Томми стал знаменитым. Ни одна из его песен, написанных позже, не могла сравниться с этой по популярности. Он никак не мог понять, почему ему не удавалось сделать еще один хит, но даже сейчас, двадцать лет спустя, люди помнили «До свидания и прощай».
На гребне мимолетного успеха он нажил кучу денег, квартиру на Манхэттене, дом в Малибу, двух жен и троих дочерей. Когда он уладит свои семейные дела, он попробует себя на каком-нибудь новом поприще. Но сейчас он пил. Впрочем, пил он с конца шестидесятых. Пагубное пристрастие отразилось на его внешности. Он стал толстым, черты его лица расплылись, и Томми начал подумывать, не отпустить ли ему бороду.
Он не видел этой женщины, пока она не оседлала стул рядом с ним. Когда он повернулся, чтобы рассмотреть ее, она улыбнулась, и это показалось ему интересным.
У нее были черные цыганские глаза, длинные, блестящие, черные волосы и великолепное тело, едва прикрытое черным платьем, достаточно скромным спереди и оставлявшим открытыми всю спину и половину того, что находится ниже. Чертовски забавно!
— Я Томми Кристофер, — сказал он, не сомневаясь, что она слышала о нем. Но его постигло разочарование — имя его прозвучало для нее пустым звуком.
— Привет, Томми. Меня зовут Дана Форест. — Она говорила с едва заметным европейским акцентом, что показалось Кристоферу очень милым.
Она протянула руку, и он наклонился, чтобы поцеловать ее.

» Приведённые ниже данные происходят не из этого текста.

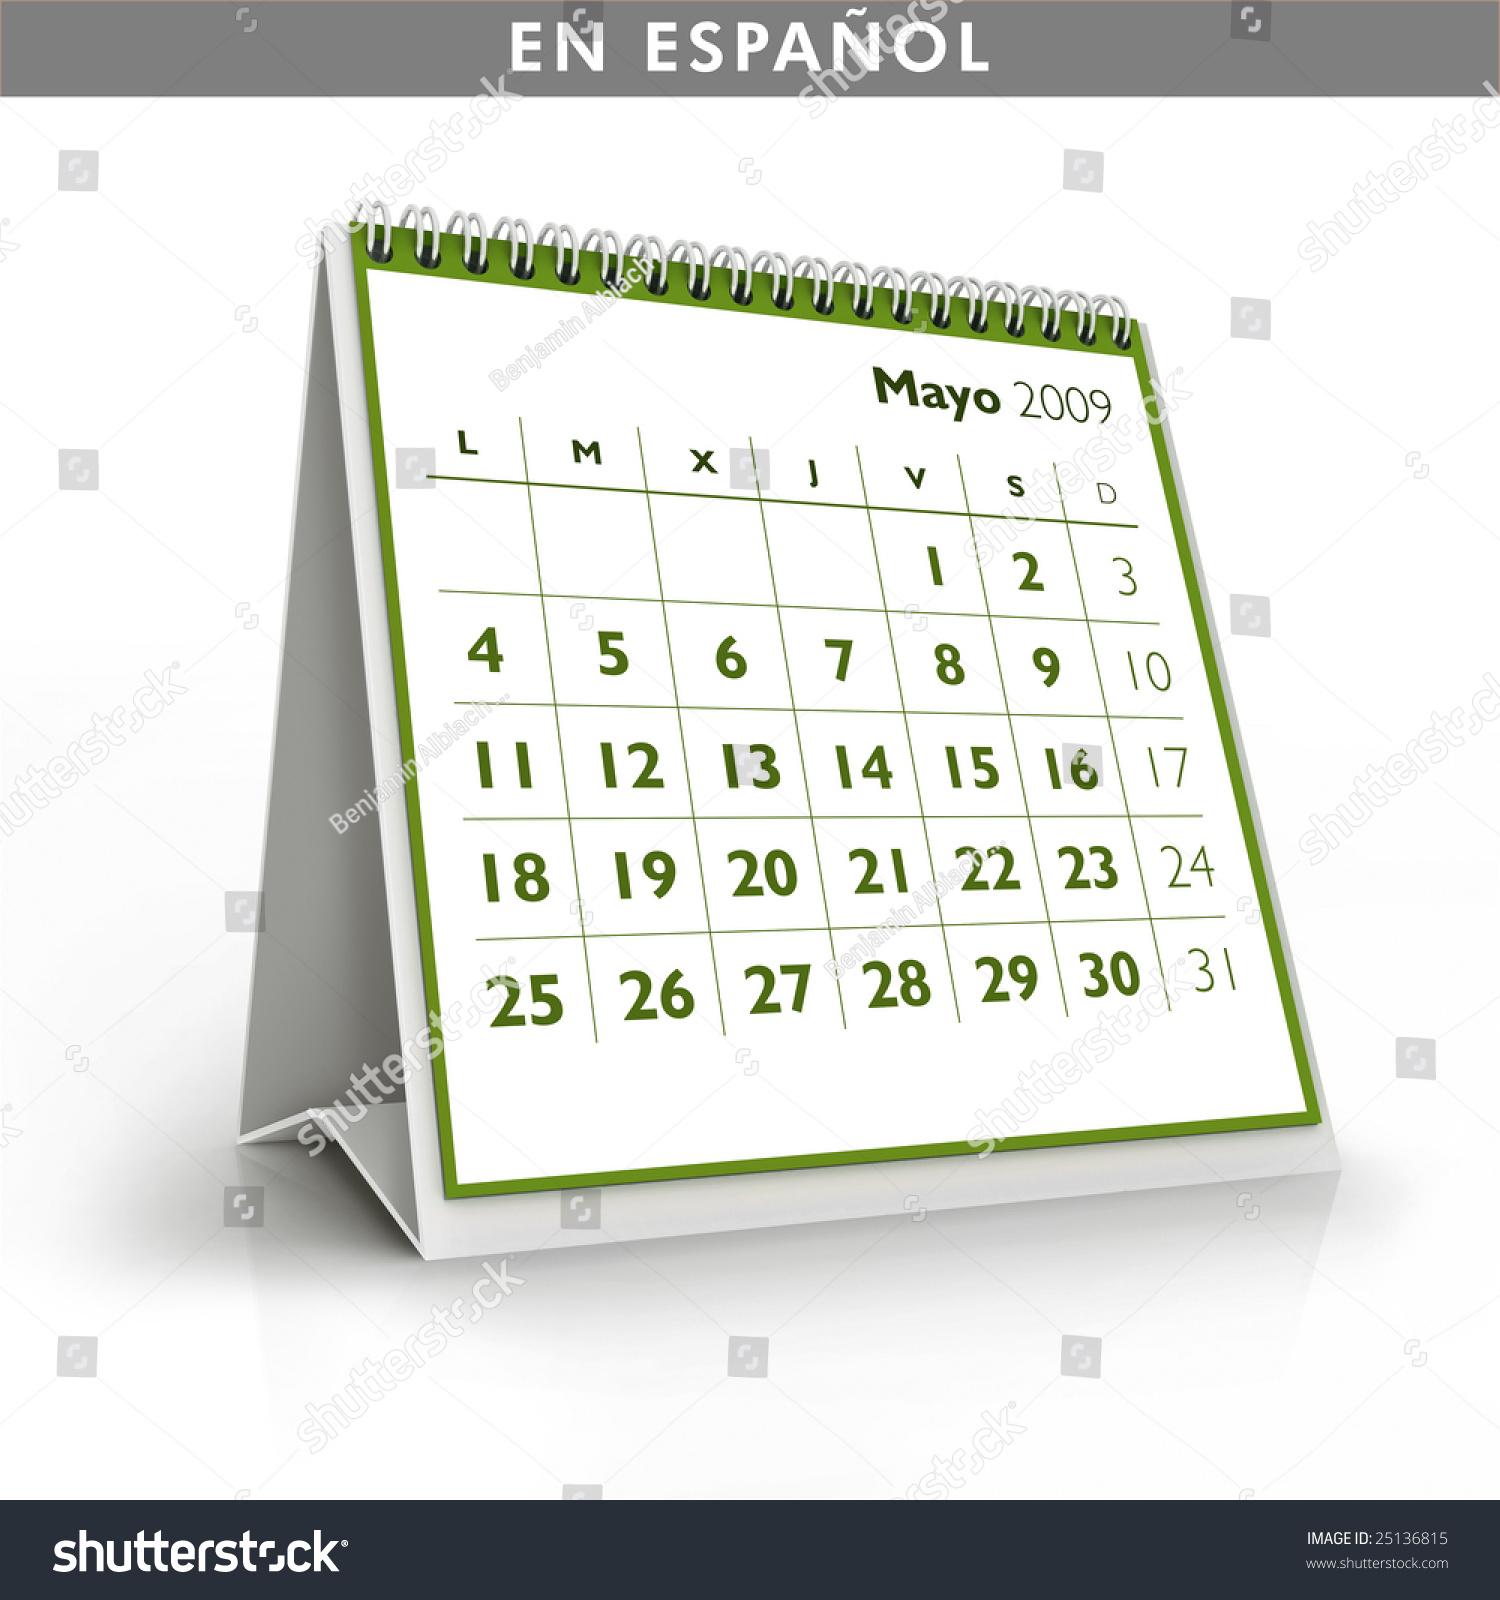 May Spanish Calendar : Calendar may spanish language stock photo

— У тебя прекрасная улыбка, детка. Позволь мне тебя угостить.
— Белое вино, пожалуйста.
Он принялся рассказывать ей о своих бракоразводных проблемах. Ни о чем другом он говорить не мог.
— Как тебе нравится? Я содержал эту женщину в течение девяти лет, а теперь она возымела право на мой дом и половину дохода от моей издательской компании. К тому же дети остаются с ней. То, что она делает, — преступление.
Дана слушала его молча, время от времени одаривая сочувствующей улыбкой.
— Похоже, что у тебя водятся деньжата, — сказала она наконец.
— Еще как водятся. У меня их куры не клюют. Ты слыхала песенку «До свидания и прощай»? — он попытался напеть сухим дребезжащим голосом собственное сочинение двадцатилетней давности: «Когда я проснулся на следующее утро, я понял, что такой ночи, какая была у нас с тобой, больше уже не будет».
Он взглянул на нее вопросительно — не может быть, чтобы она не слыхала этой мелодии.
Дана только улыбнулась ему:
— Мне жаль, но в мое время таких песен не пели.
— Дерьмовая жизнь! Неужели я кажусь тебе стариком? Для тебя я, наверное, древний динозавр. Не бойся сказать правду.